### WHAT YOU ARE ASKED TO DO
Restate word for word the entries below, starting at the line with "This transfer case gasket and seal kit from" and ending at the line with "continental, continental tyre". Keep both end lines and omit the pictures.

### RECORD EXCERPTS
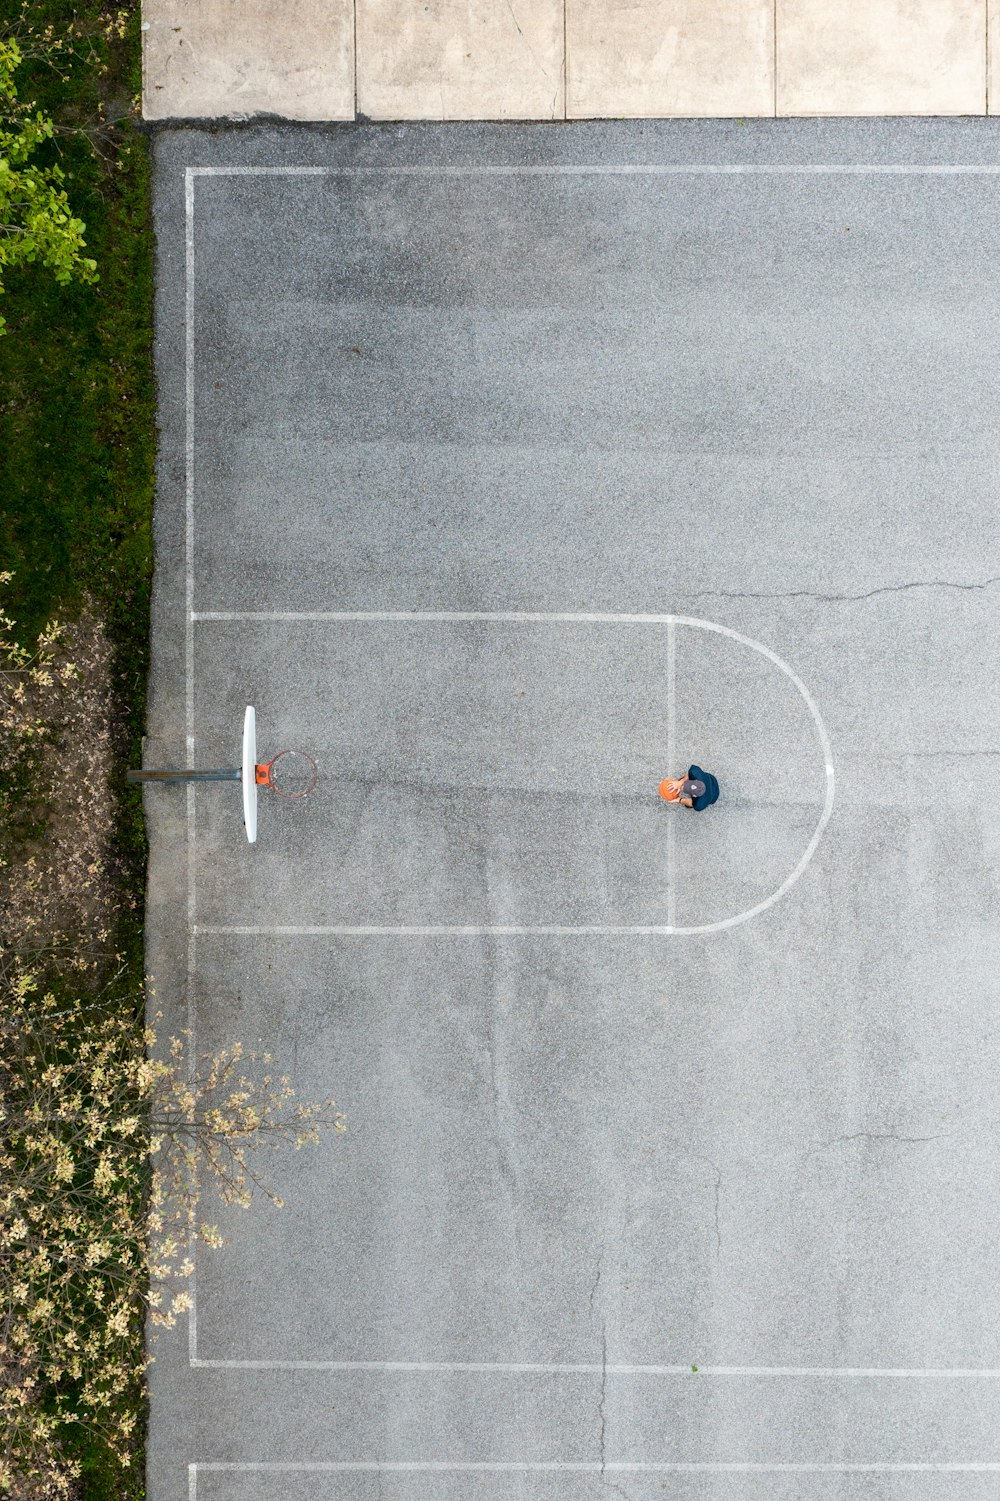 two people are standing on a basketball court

---

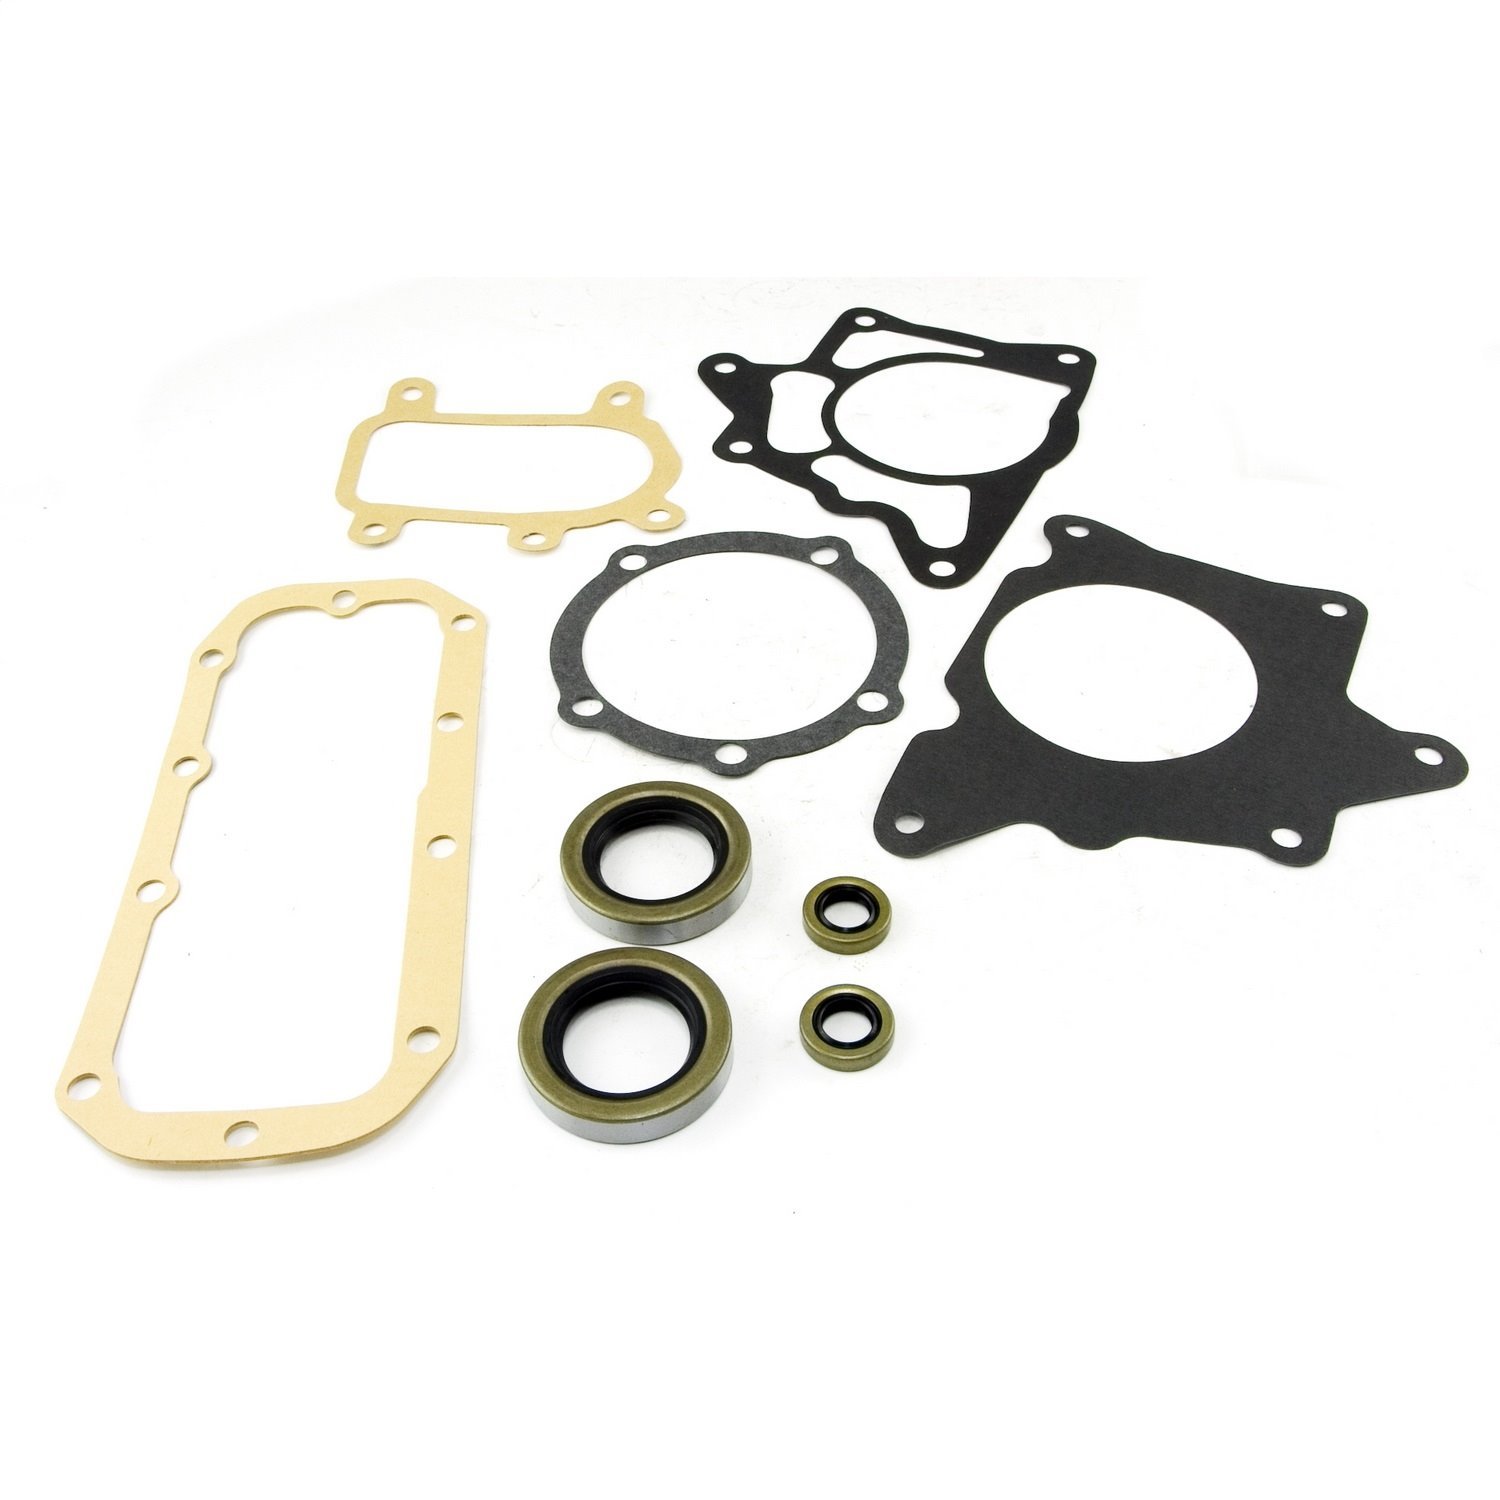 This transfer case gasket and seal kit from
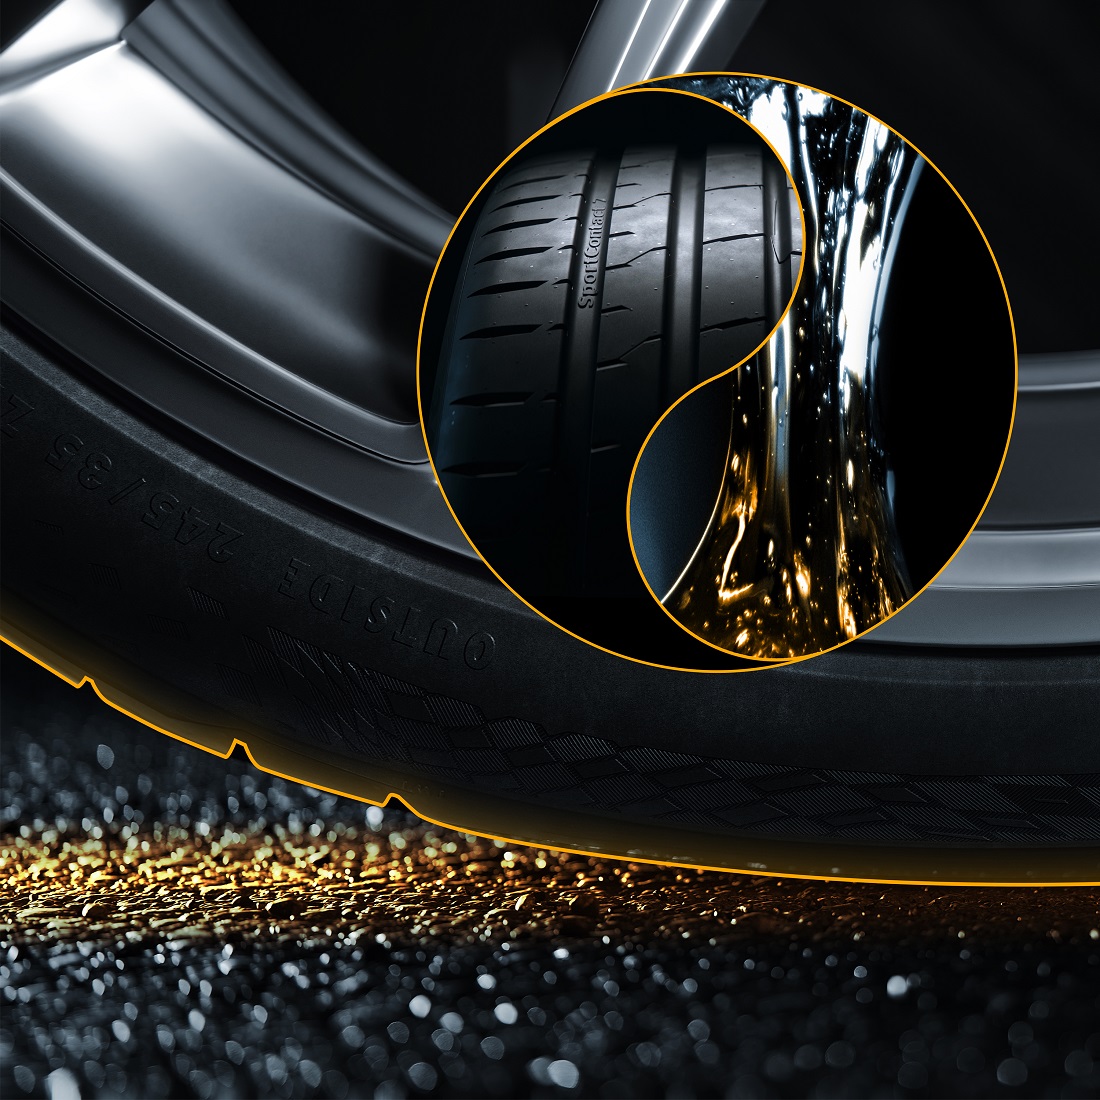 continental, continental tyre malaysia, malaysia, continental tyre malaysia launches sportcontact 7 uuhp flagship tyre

### SOLUTION
 This transfer case gasket and seal kit from
 continental, continental tyre malaysia, malaysia, continental tyre malaysia launches sportcontact 7 uuhp flagship tyre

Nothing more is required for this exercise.